BJALP deals with such matters as constitutional law, criminal
justice, civil rights, African-American participation in the political
process, the death penalty, fair housing, economic development in the
African-American community, African and
Caribbean
immigration to the United States,
health issues that affect African Americans, as well as issues affecting
Africa and the African diaspora.
Our
History:
The
African-American Law & Policy Report (ALPR) was
founded at the University of California, Berkeley School of Law (Boalt
Hall) in 1992 to provide an alternative forum to address legal and policy
issues of concern to African Americans. But, its roots hearken back to
the Black Law Journal (presently the National Black Law Journal)
established in 1971 at UCLA School of Law.
The Black
Law Journal represented a collaborative effort, with students at
other schools occasionally publishing individual issues of the Black
Law Journal with the assistance of UCLA and their home law schools.
In 1987, UCLA and Boalt Hall published a joint issue of the Black
Law Journal. Just five years later, with the founding of ALPR,
students at Boalt expanded and institutionalized their roles as contributors
to black legal scholarship.
In 1994,
the first volume of the African-American Law & Policy Report
was published. At that time, ALPR was one of only three black
law journals in the nation. Those three journals occupied a unique space
in legal academia because they attended to scholarship and topics that
were otherwise ignored. The Editors-in-Chief of ALPR’s
inaugural issue, Mario Barnes and Angela Watkins, recognized that “if
the stories of minority scholars were widely accepted and published in
majority law journals, if the problems strangling minority communities
were often the focus of scholarly discourse, then we probably would not
need this journal.” We need this journal now as much as then.
The 1996
passage of Proposition 209 marked the end of race-conscious admissions
in California’s public schools. Proposition 209 paved the way for
the re-segregation of higher education and hampered the possibility of
a healthy and striving black law journal. In 1997, Boalt Hall enrolled
one black student. That same year, ALPR published its third volume.
The conspicuous absence of African Americans at Boalt had a debilitating
effect on ALPR, making regular publication difficult. For the
next several years ALPR departed from its normal annual publication schedule
and published only two volumes both of which were in collaboration with
other law journals on campus.
In 2003,
we published our first independent volume since the passage of Proposition
209. Although the publication was not without difficulty, it signified
the rebirth of the African-American Law & Policy Report.
In Spring 2004, we followed with Volume 6 -the Reparations issue- while
producing a national symposium: The Role of Law & Policy: Africa,
the Caribbean, and the United States. In Spring 2005, we published Volume 7--our most far-reaching issue to date.
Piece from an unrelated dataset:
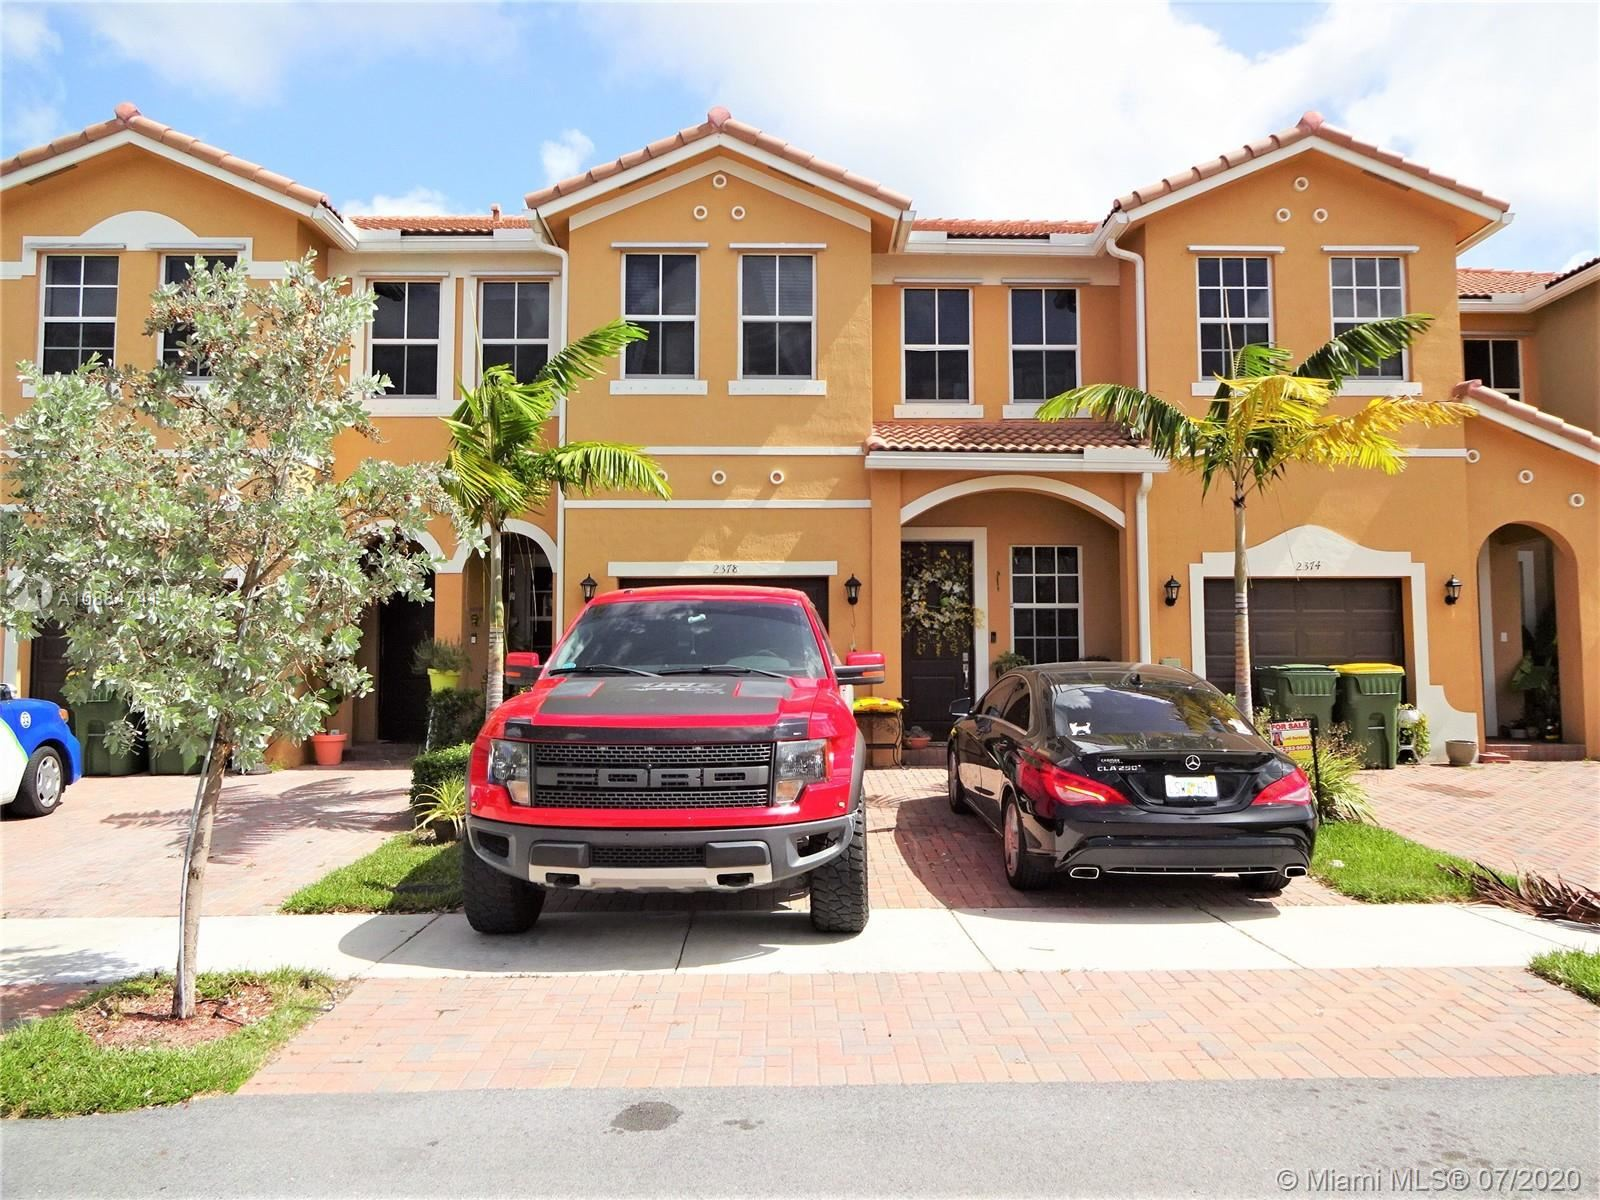 2378 SE 15 St, Homestead, FL 33035 - #: A10884741
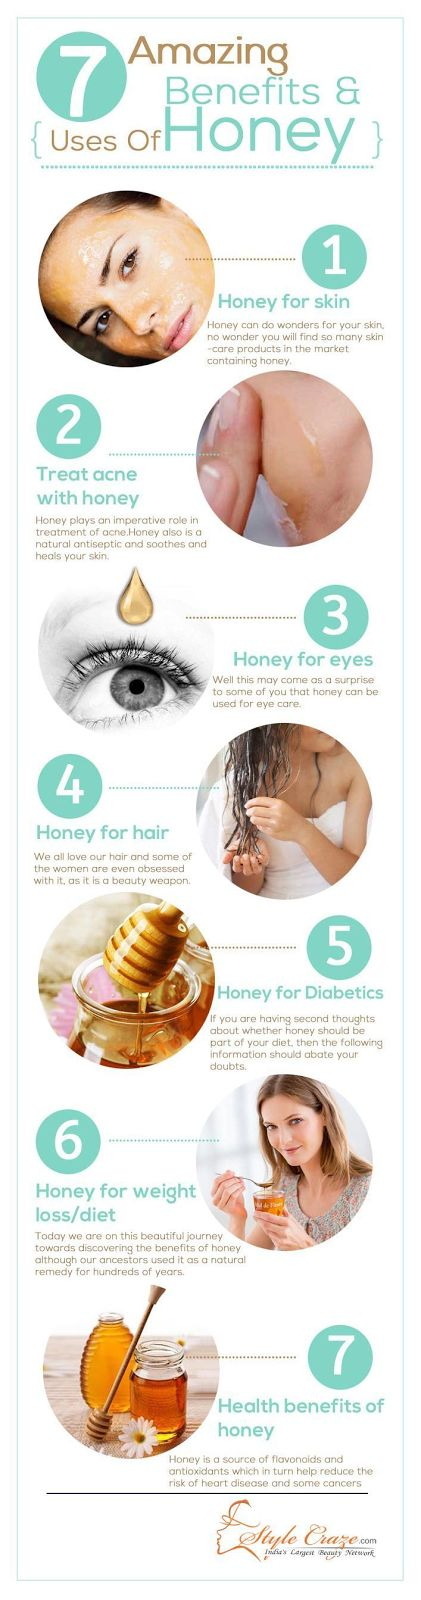 7 Amazing Benefits and Uses or Honey

For example, our lead article by Professors Kevin Johnson and Angela Onwuachi-Willig responds to a Stanford Law Review article by Professor Richard Sander attacking affirmative action policies that are designed to enhance admissions rates of African Americans at elite law schools.
In fall 2005, we changed our name to the Berkeley Journal of African-American Law & Policy.
Our past several volumes clearly illustrate that BJALP has decisively reclaimed
its rightful place as one of the preeminent scholarly journals for and
about the African-American community.